Furthermore, a MAL program is considered a specification of intended computation and data flow behavior. It should be understood that its actual evaluation depends on the execution paradigm chosen. The program blocks can both be interpreted as ordered sequences of assembler instructions, or as a representation of a data-flow graph that should be resolved in a dataflow driven manner. The language syntax uses a functional style definition of actions and mark those that affect the flow explicitly. Flow of control keywords identify a point to chance the interpretation paradigm and denote a synchronization point.

MAL is the target language for query compilers front-ends. Even simple SQL aggregate queries may generate a lengthy sequence of MAL instructions.

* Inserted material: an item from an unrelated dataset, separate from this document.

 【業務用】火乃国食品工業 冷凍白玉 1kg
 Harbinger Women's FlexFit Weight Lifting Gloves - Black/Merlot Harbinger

They represent both the administrative actions to ensure binding and transaction control, the flow dependencies to produce the query result, and the steps needed to prepare the result set for delivery to the front-end.

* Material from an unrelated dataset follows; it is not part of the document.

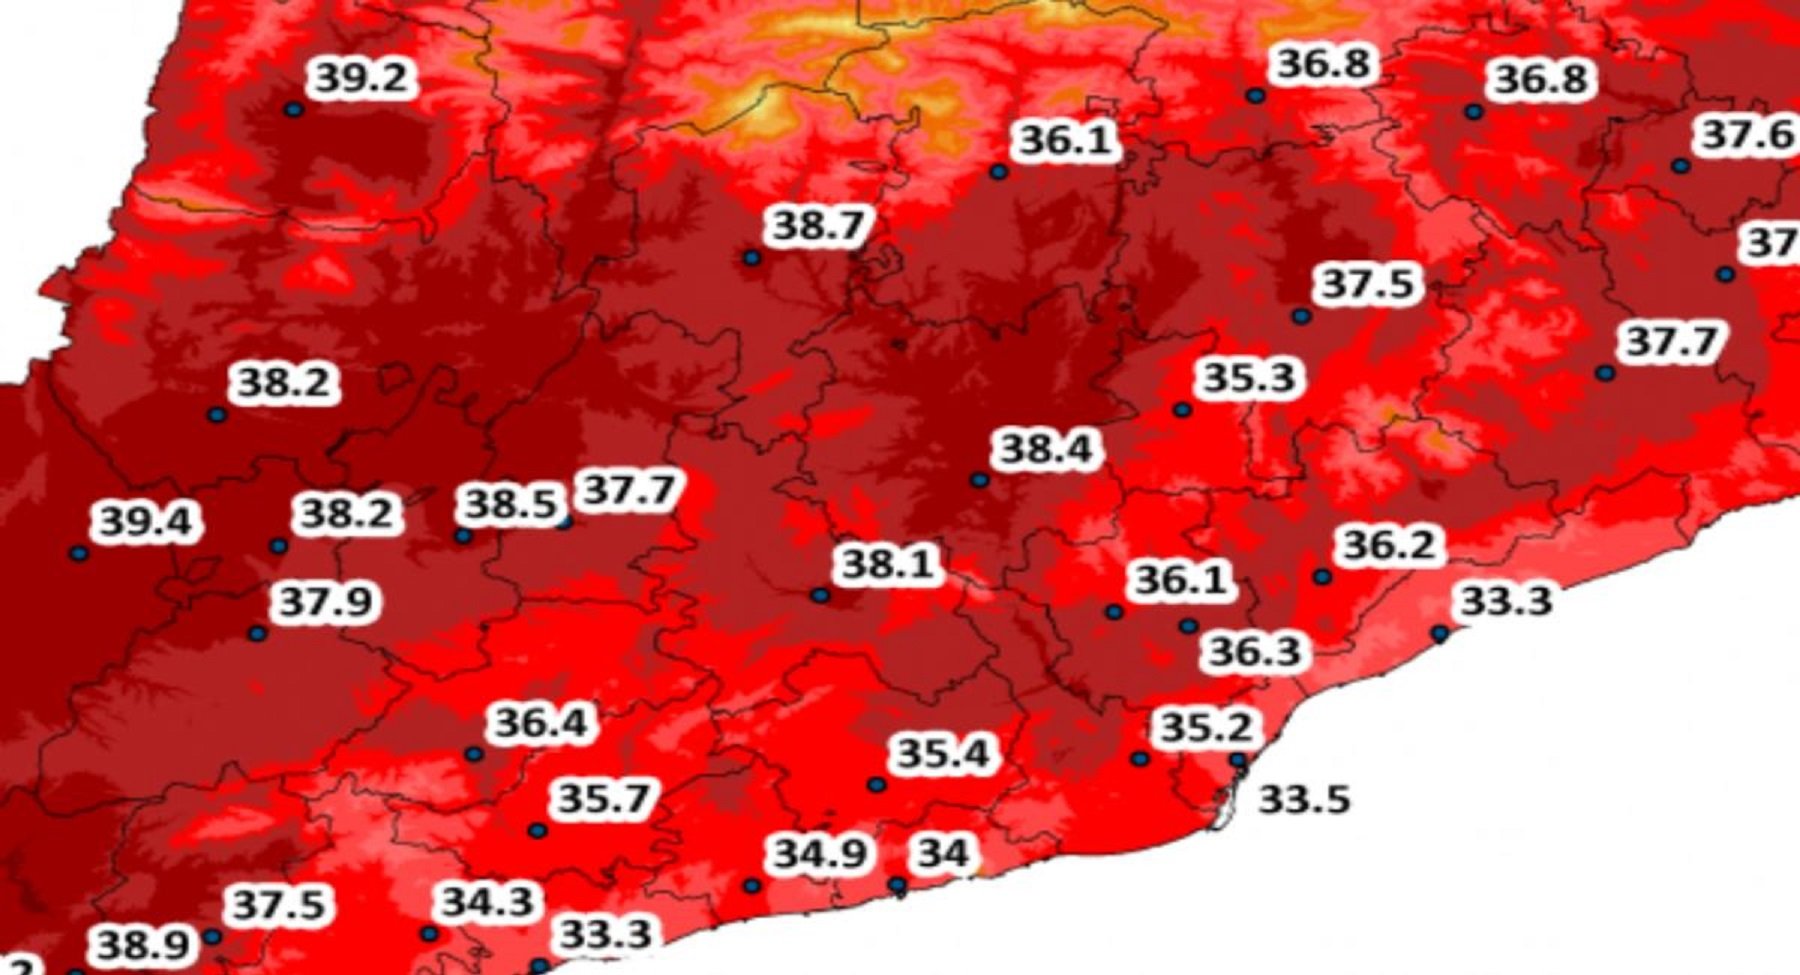 Alerta a Catalunya per calor extrema: els termòmetres poden arribar als 40 graus

Only when the algebraic structure is too limited (e.g. updates), or the database back-end lacks feasible builtin bulk operators, one has to rely on more detailed flow of control primitives. But even in that case, the basic blocks to be processed by a MAL back-end are considered large, e.g. tens of simple bulk assignment instructions.

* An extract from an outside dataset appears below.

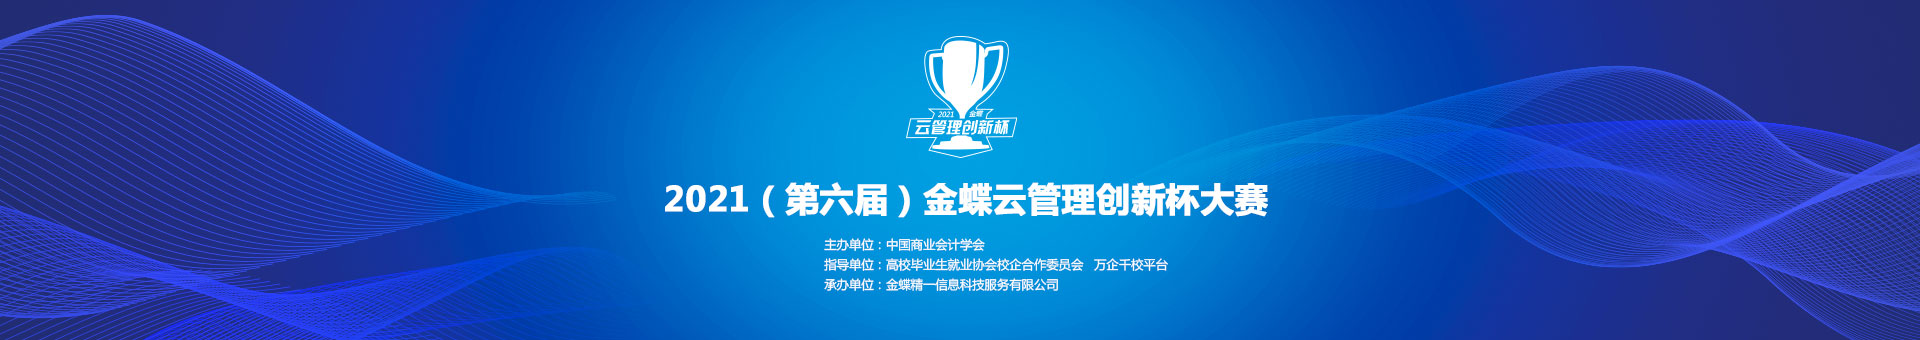 金蝶云社区2021（第六届）金蝶云管理创新杯大赛——比赛说明

The remainder of this chapter provide a concise overview of the language features and illustrative examples.

Literals

Literals in MAL follow the lexical conventions of the programming language C. MonetDB comes with the hardwired types bit, bte, sht, int, lng, hge, oid, flt, dbl and str. A default type is attached to literals, e.g. the literal 1 is typed as an int value. Likewise, the literal 3.14 is typed flt rather than dbl. A literal can be coerced to another type by tagging it with a type qualifier, provided a coercion operation is defined. For example, 1:lng marks the literal 1 as of type lng, and "1999-12-10":date creates a date literal.

Variables

Variables are denoted by identifiers and implicitly defined upon first assignment. They take on a type through a type classifier or inherit it from the context in which they are first used, see section Type System below.

Variables are organized into two classes: user defined and internal variables. User defined variables start with a letter and temporary variables, e.g. generated internally by optimizers, start with X_. In general internal variables cannot be used in MAL programs directly, but they may become visible in MAL program listings or during debugging.

MAL variables are internally represented by their position into the symbol table and runtime value stack. Internal variable names are recognized by the parser and an error is produced if their name does not align with the expected position in the symbol table.

Instructions

A MAL instruction has purposely a simple format. It is syntactically represented by an assignment, where an expression (function call) delivers results to multiple target variables. The assignment patterns recognized are illustrated below.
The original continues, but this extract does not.